> _Problem statement_: Everything from the line with "Free Sales Wholesale" down to the line with "20210317 No let-up in rating pressure Page 1" below must be printed exactly, those two lines included. Exclude pictures.

> _Given entries_:

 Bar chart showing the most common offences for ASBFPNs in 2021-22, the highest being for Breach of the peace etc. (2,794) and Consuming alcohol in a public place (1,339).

...

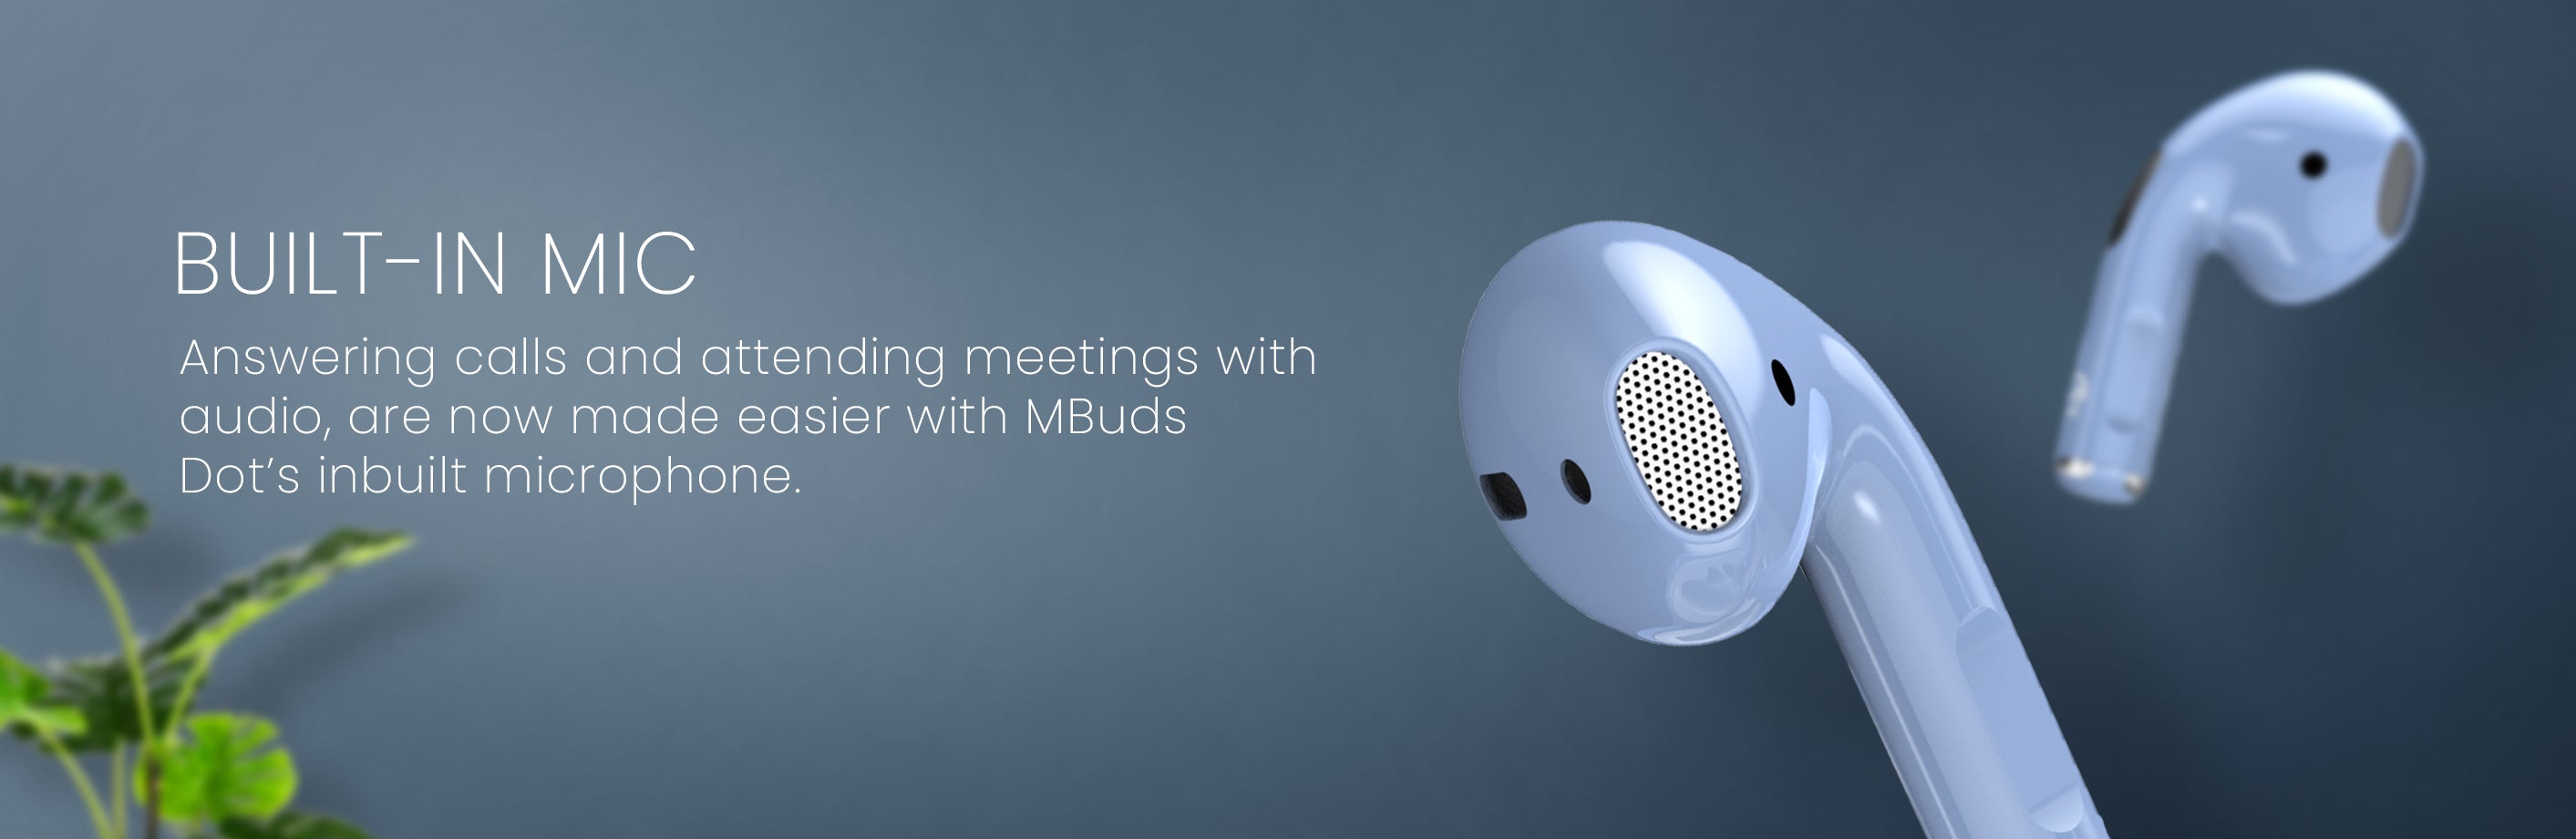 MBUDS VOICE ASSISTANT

--

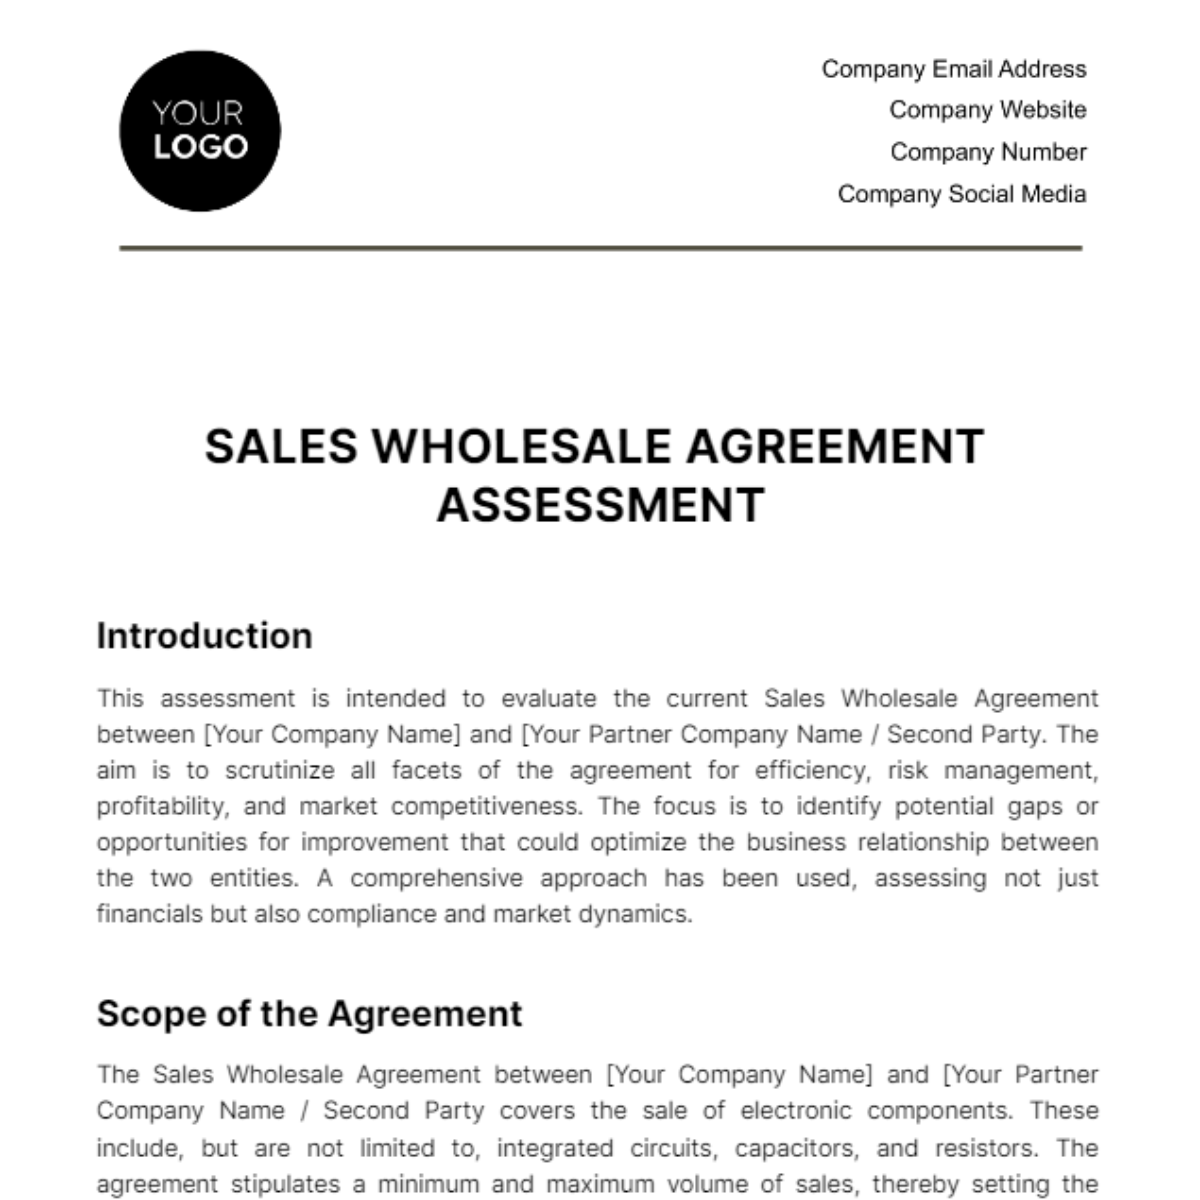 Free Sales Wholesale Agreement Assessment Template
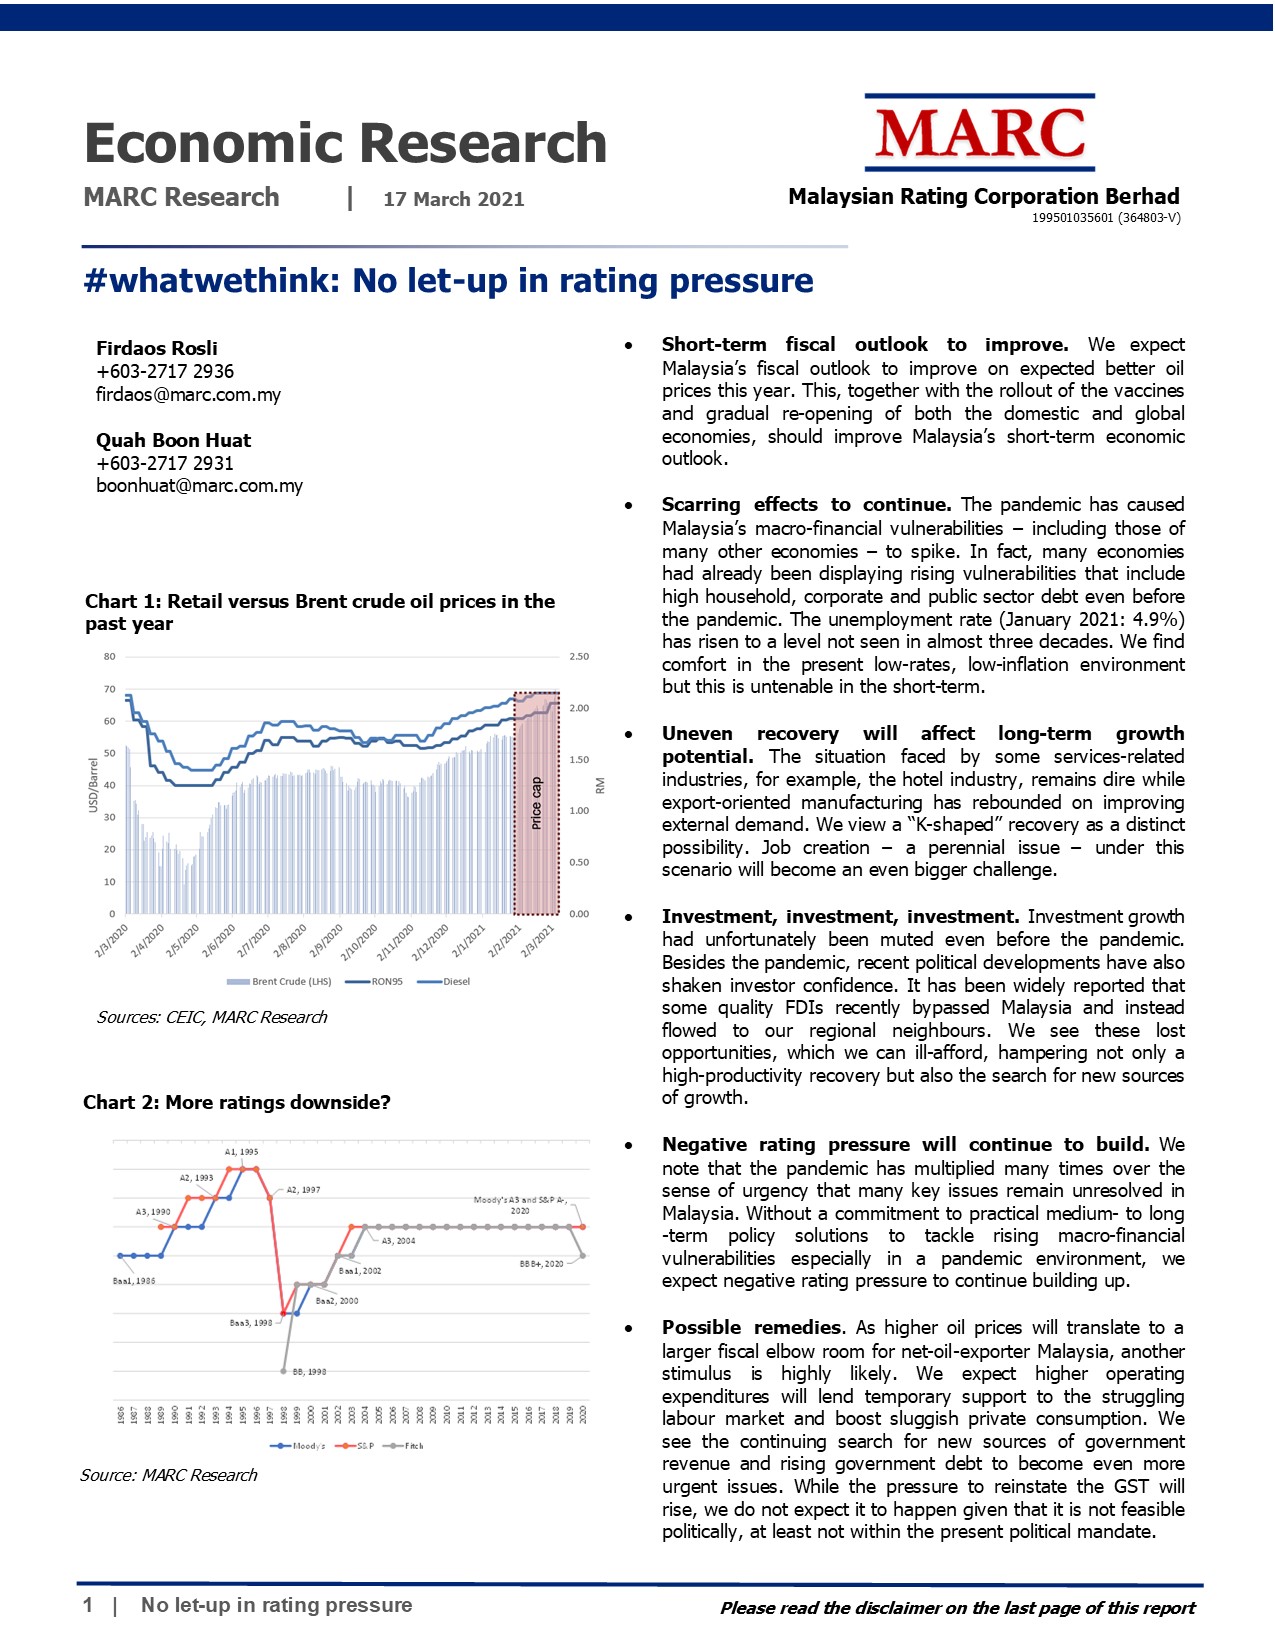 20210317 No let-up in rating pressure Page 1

> _Task result_:
 Free Sales Wholesale Agreement Assessment Template
 20210317 No let-up in rating pressure Page 1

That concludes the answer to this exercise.